Amid the Disneyland shutdown, the company was already struggling due to protests in Hong Kong. Months of anti-government protests in Hong Kong reduced the visits to Disneyland and put the company under political pressure. In the fourth quarter of fiscal 2019, Disney’s operating profit from the Hong Kong park fell by $55 million. Disney will report its earnings for the first quarter of fiscal 2020 today. The company is bracing for a decline of $80 million in the Hong Kong Disneyland’s operating profit. If the unrest continues, Disney is concerned that the profit from the Hong Kong park could fall by $275 million in fiscal 2020.

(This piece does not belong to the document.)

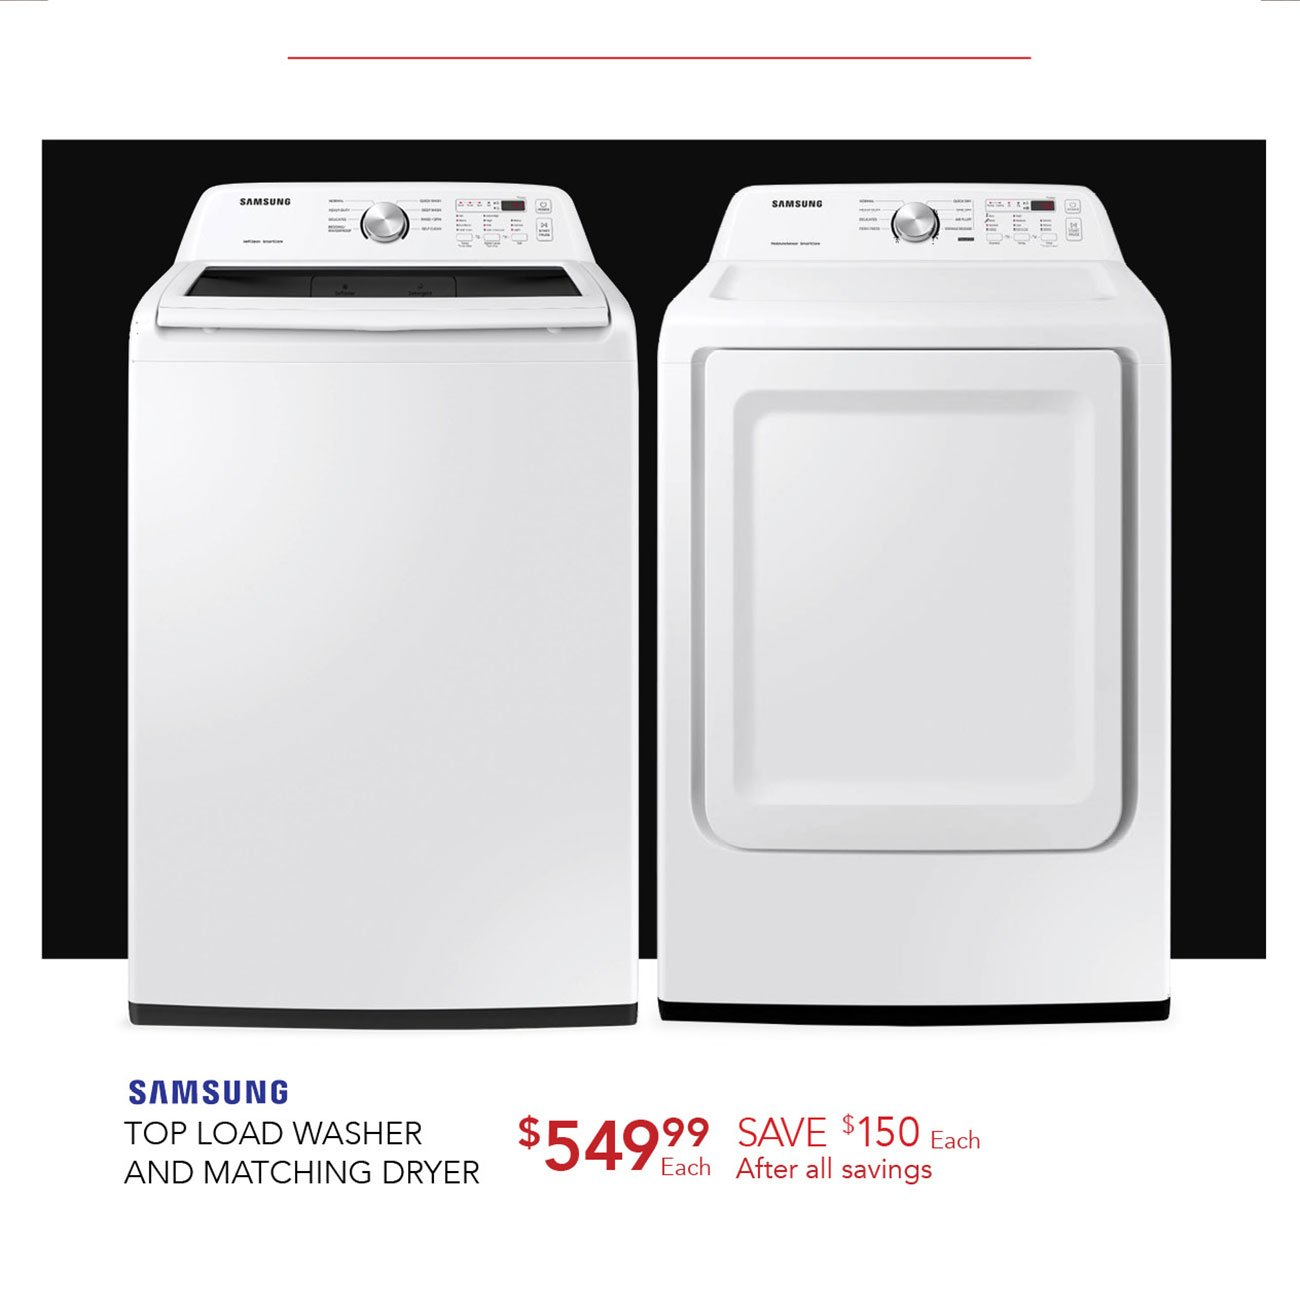 Samsung-top-load-washer-dryer
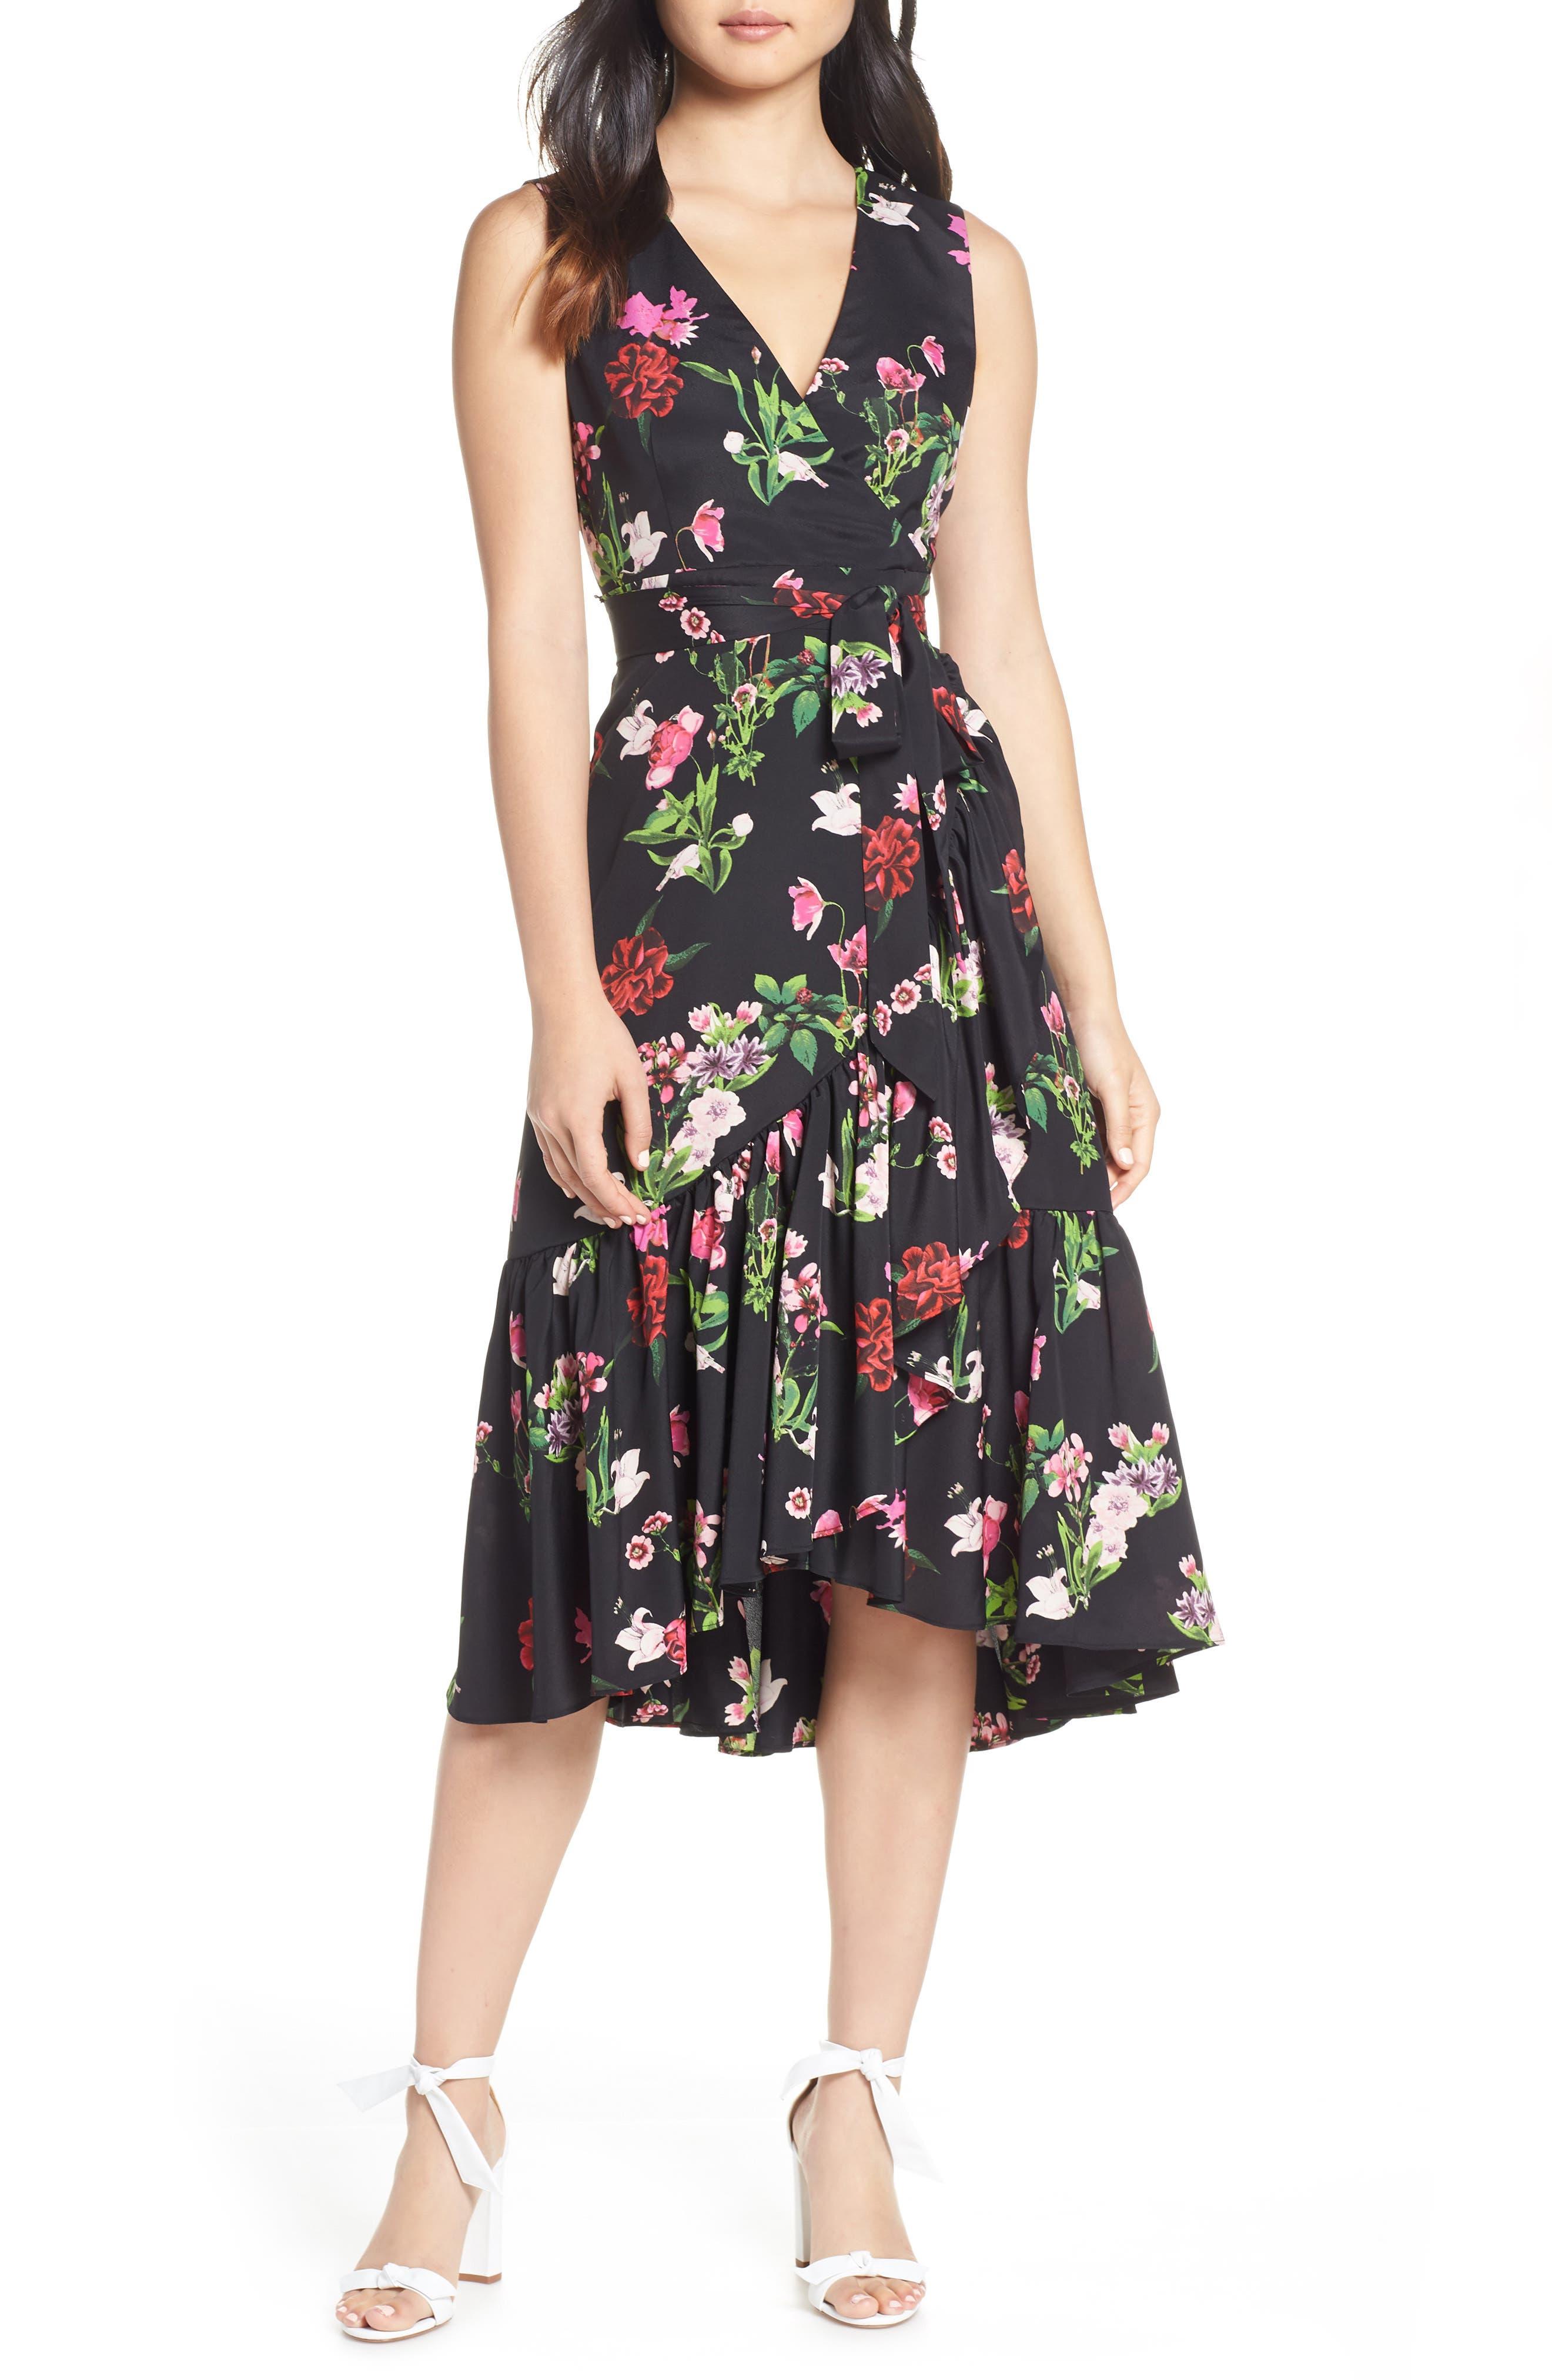 ELIZA J, Ruffle Hem Faux Wrap Dress, Main thumbnail 1, color, BLACK

Meanwhile, the Hong Kong government is pressuring Disney to give up some land for a housing project.

Parks and resort business is a major income source

Disney’s parks and resort business generated $26.2 billion in revenue and $6.8 billion in operating profit in fiscal 2019. Therefore, the segment contributed 37% and 46% of Disney’s total revenue and operating profit, respectively.

Disney stock has fallen 4.33% year-to-date. The stock gained last year due to the launch of the Disney+ video service.